**Task statement**
All that is wanted is the line with "20190520 122755 - Qual" and each line after it to the end of the data below, set down exactly and without pictures.

**Data for analysis**
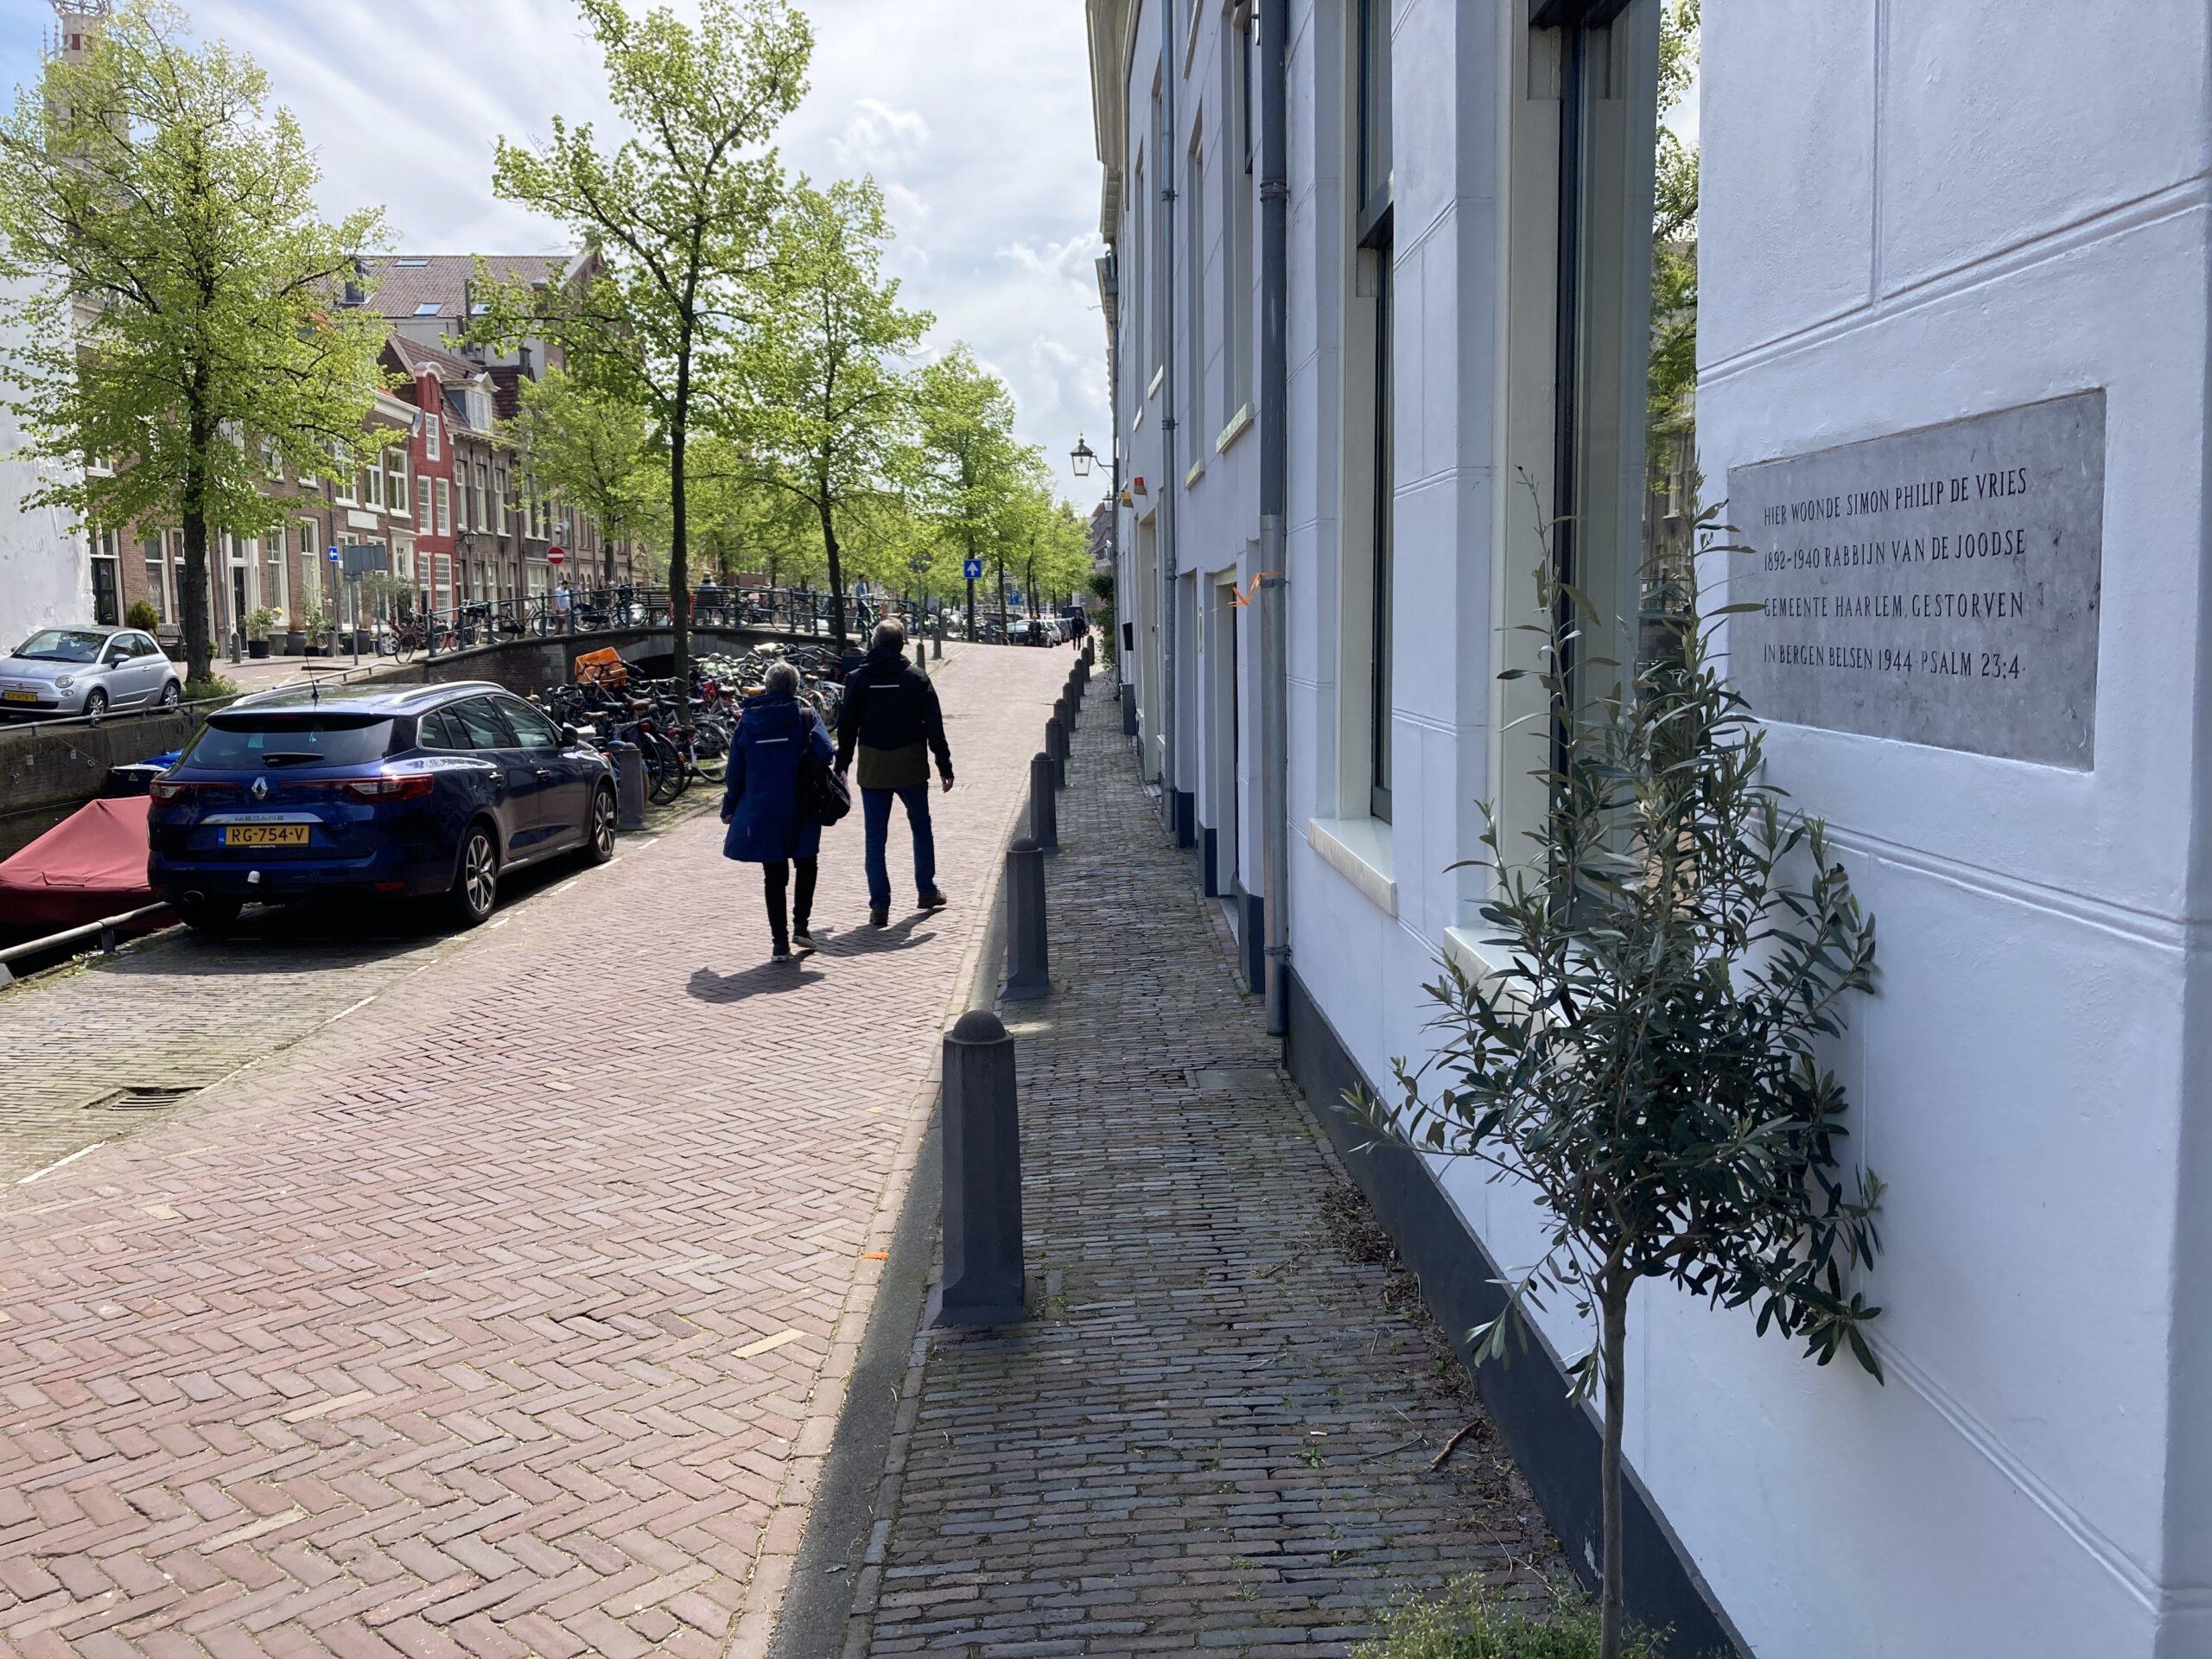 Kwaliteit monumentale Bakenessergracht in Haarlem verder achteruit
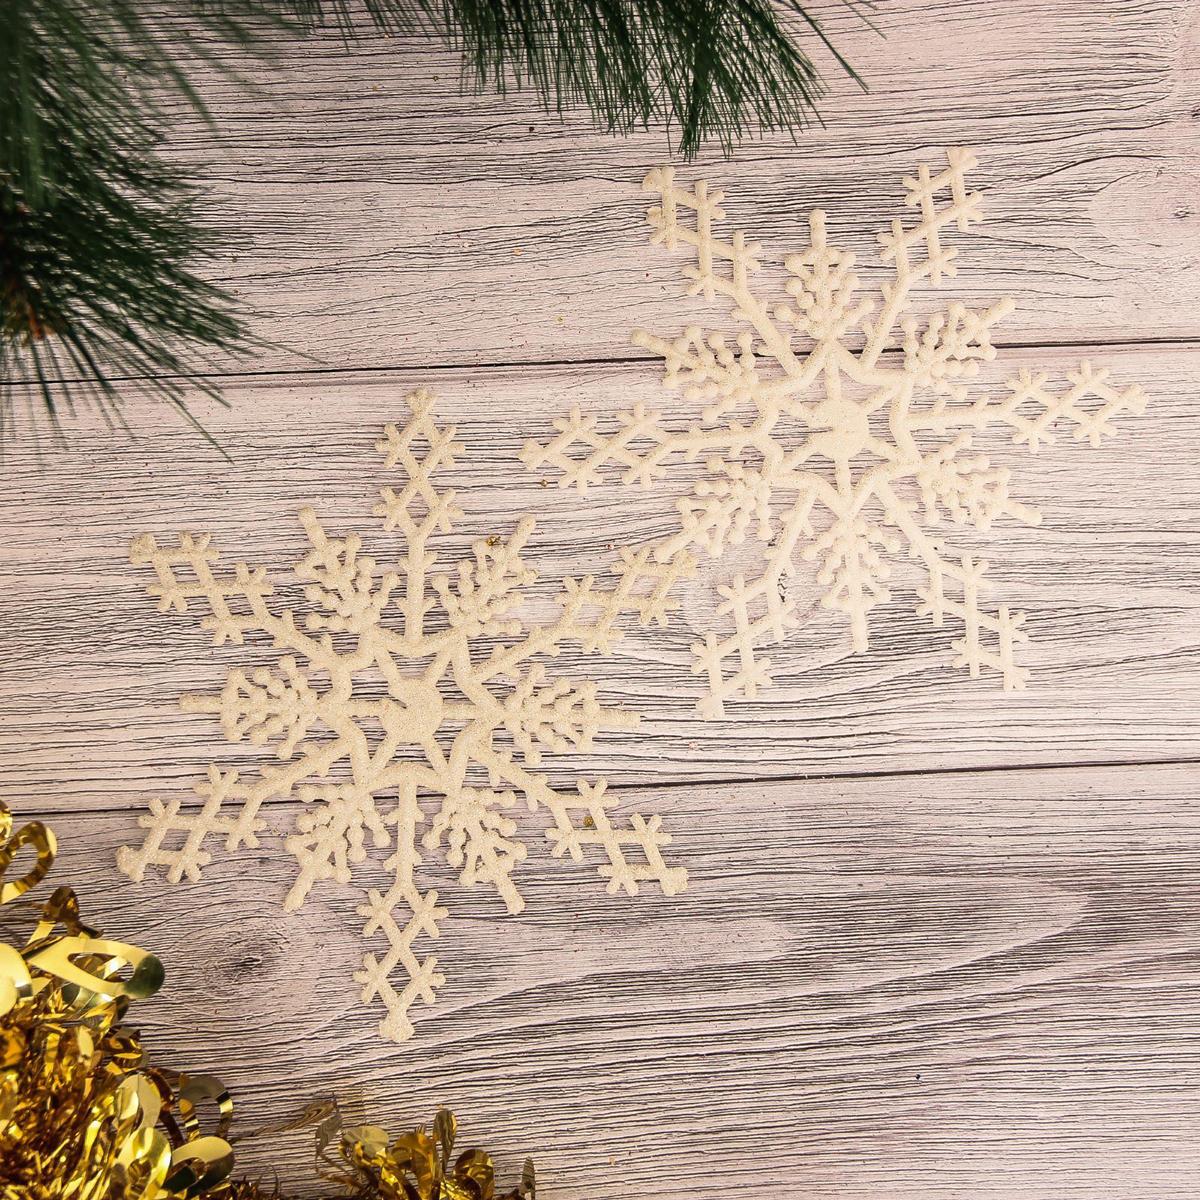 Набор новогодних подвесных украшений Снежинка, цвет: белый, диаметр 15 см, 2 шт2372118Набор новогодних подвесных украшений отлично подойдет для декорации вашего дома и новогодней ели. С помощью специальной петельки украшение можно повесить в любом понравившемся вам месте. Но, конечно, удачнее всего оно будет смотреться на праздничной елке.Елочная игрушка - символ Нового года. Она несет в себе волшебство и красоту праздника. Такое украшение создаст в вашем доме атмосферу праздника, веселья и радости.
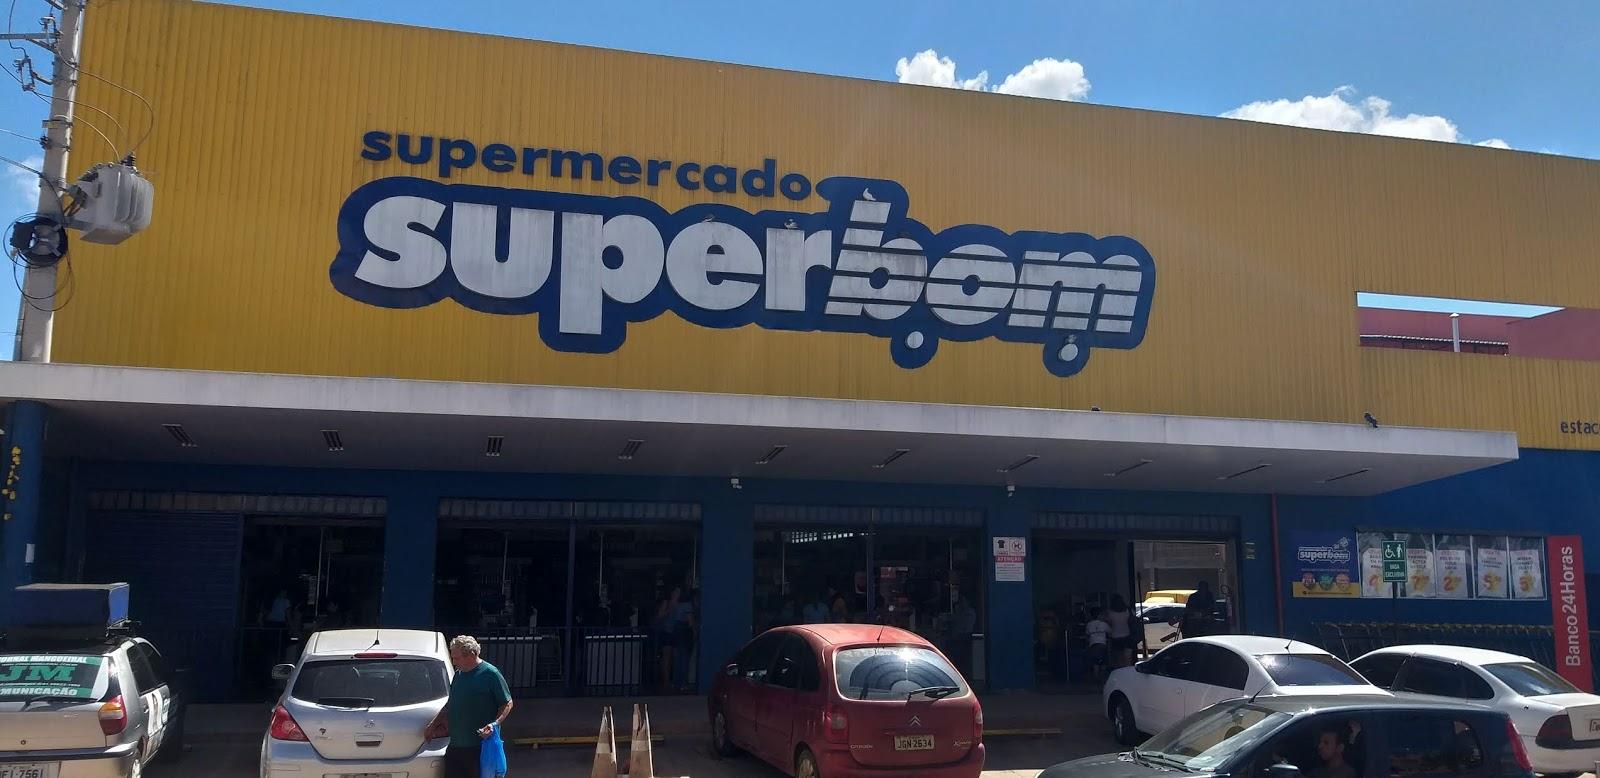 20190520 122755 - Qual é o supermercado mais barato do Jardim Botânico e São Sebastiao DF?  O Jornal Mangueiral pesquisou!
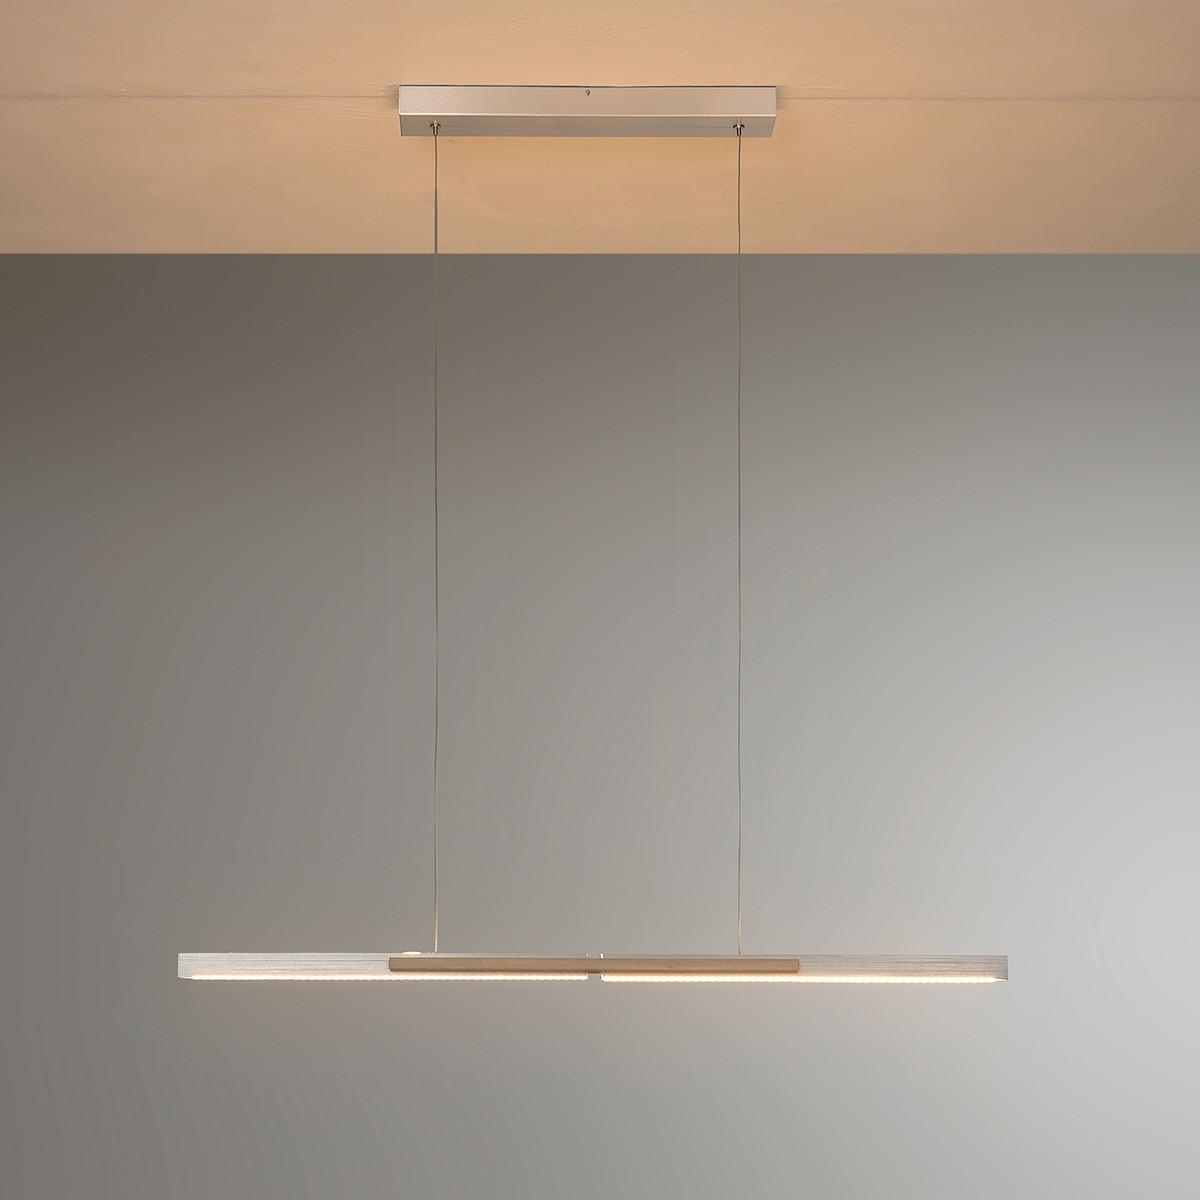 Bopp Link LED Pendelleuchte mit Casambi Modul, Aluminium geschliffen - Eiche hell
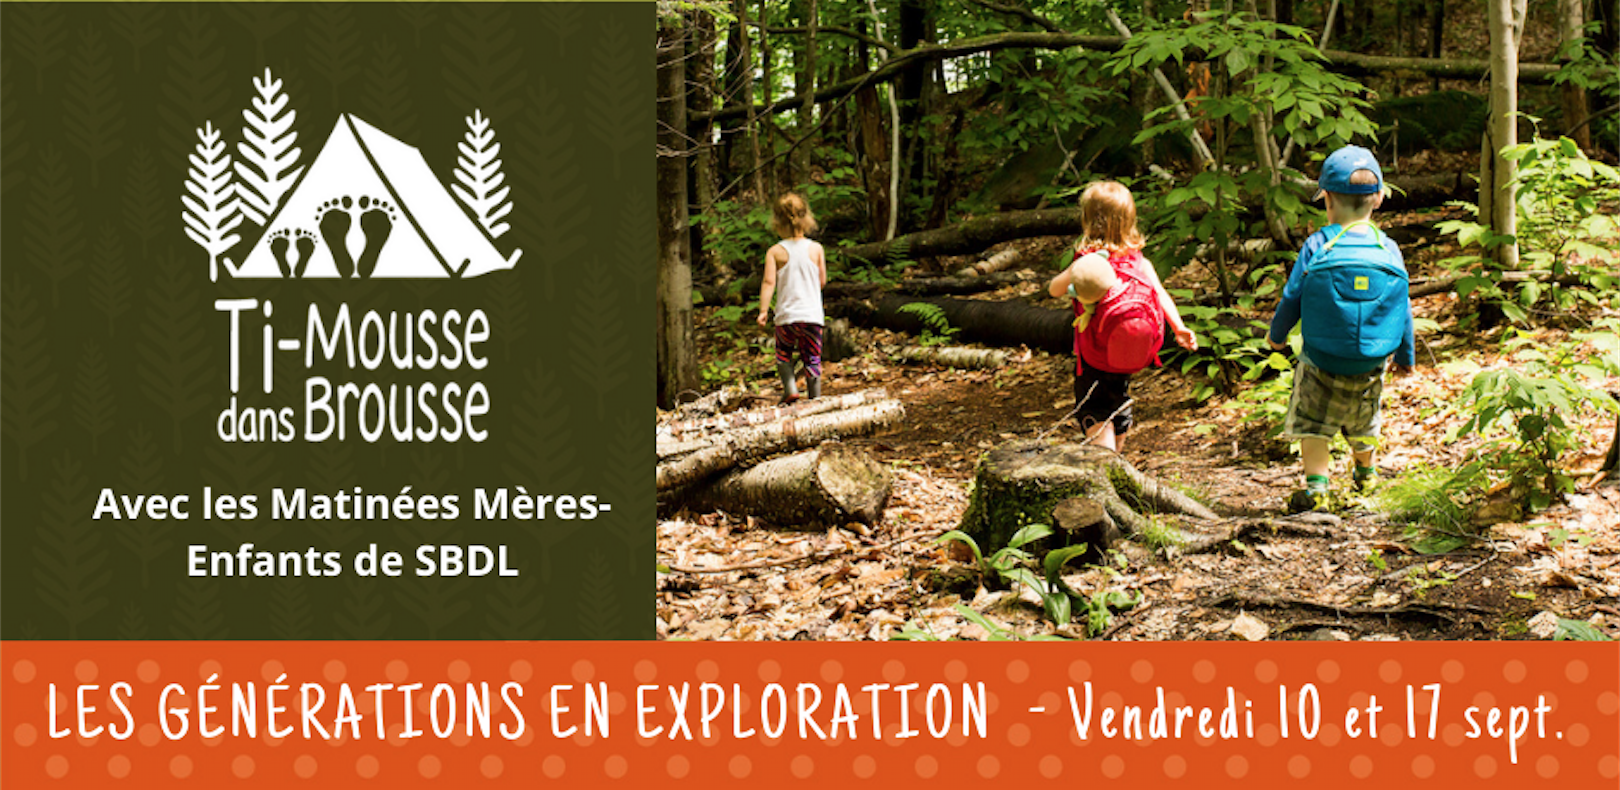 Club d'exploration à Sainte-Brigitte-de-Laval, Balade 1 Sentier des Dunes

**Worked solution**
 20190520 122755 - Qual é o supermercado mais barato do Jardim Botânico e São Sebastiao DF?  O Jornal Mangueiral pesquisou!
 Bopp Link LED Pendelleuchte mit Casambi Modul, Aluminium geschliffen - Eiche hell
 Club d'exploration à Sainte-Brigitte-de-Laval, Balade 1 Sentier des Dunes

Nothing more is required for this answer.